Tuesday, March 11, 2014

Tragedy of the Commons

Thinking in syllable-squares,
recalling ecologist Garrett Hardin (1915-2003)
and his 1968 wisdom, "Tragedy of the Commons."

Maximum               
may not be                   
optimum.

                                                                                  The greatest
                                                                                  danger is
                                                                                  feeling safe.
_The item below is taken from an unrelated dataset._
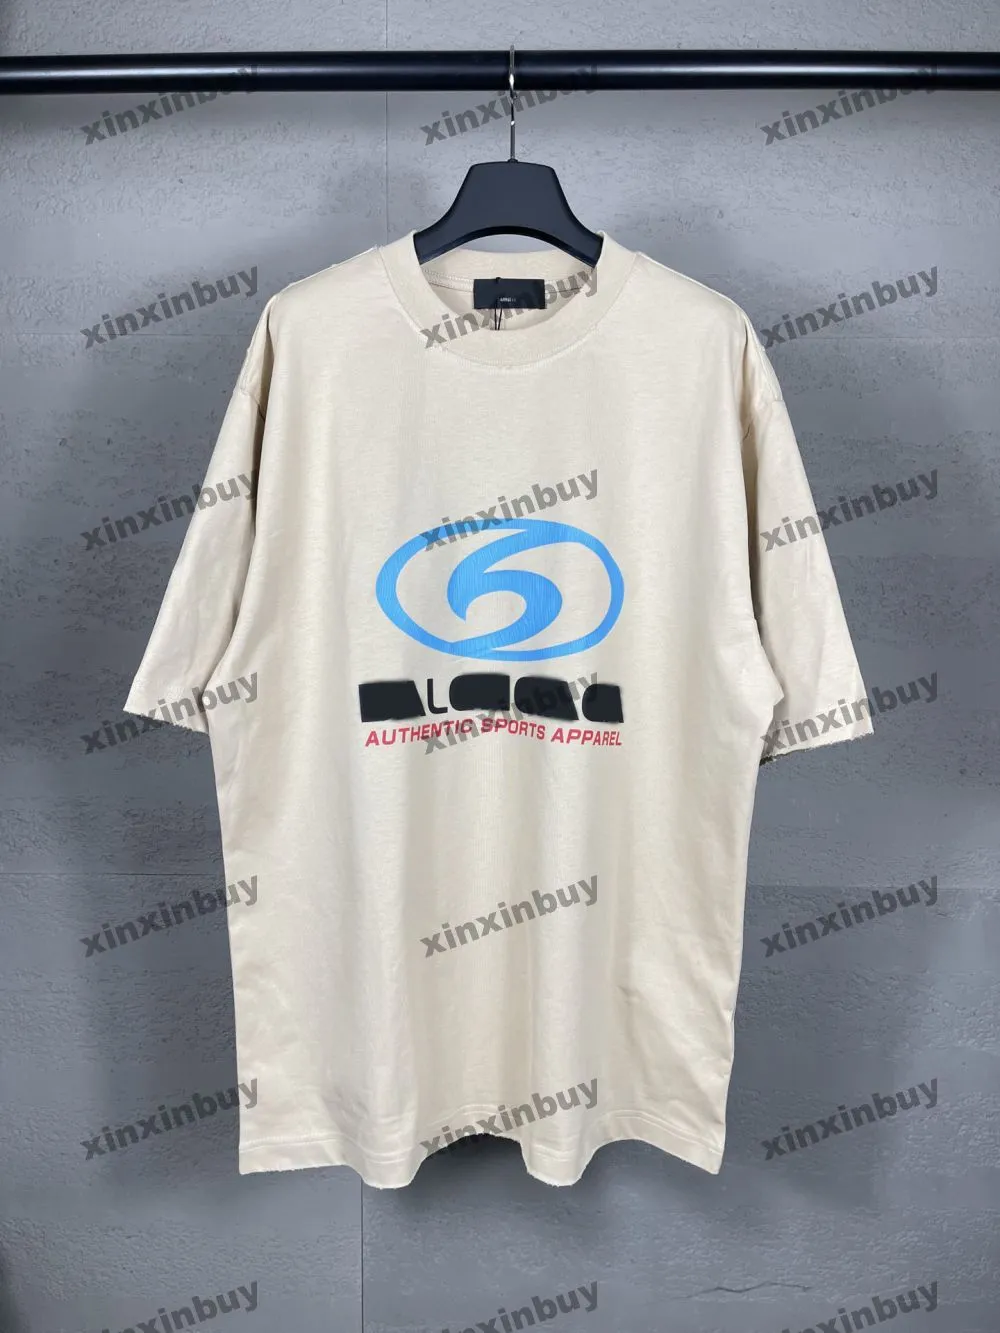 Xinxinbuy Mannen designer Tee t-shirt Parijs golf vernietigd brief print korte mouw katoen vrouwen Zwart wit blauw grijs rood XS-2XL

                                There is no
                                 place to throw
                                 that's away.

Can someone's
unwilling
mind be changed?
                                                            Talk about
                                                            climate change--  
                                                            more hot air!  

     Once upon a time I had hope.  The earth could be salvaged by recycling and by learning not to want too much. And by adopting children.  
     Mathematicians and other scholars may encounter the Tragedy of the Commons via game theory and the Prisoner's Dilemma -- an important decision model in which what is immediately optimal for an individual is not best for a group to which she belongs.  Much has been written about this type of decision -- including both situations with a single decision and situations with a series of such decisions.

     More square views of climate concern are available in these postings:  20 October 2010, 27 October 2010, 14 April 2013 -- and on 26 August 2011 a poetry-with-music expression of concern for 350 parts per million, the "safe upper limit" for CO2 in our atmosphere (From the website CO2 Now the February 2014 average value (at Mauna Loa observatory) was 398.03.)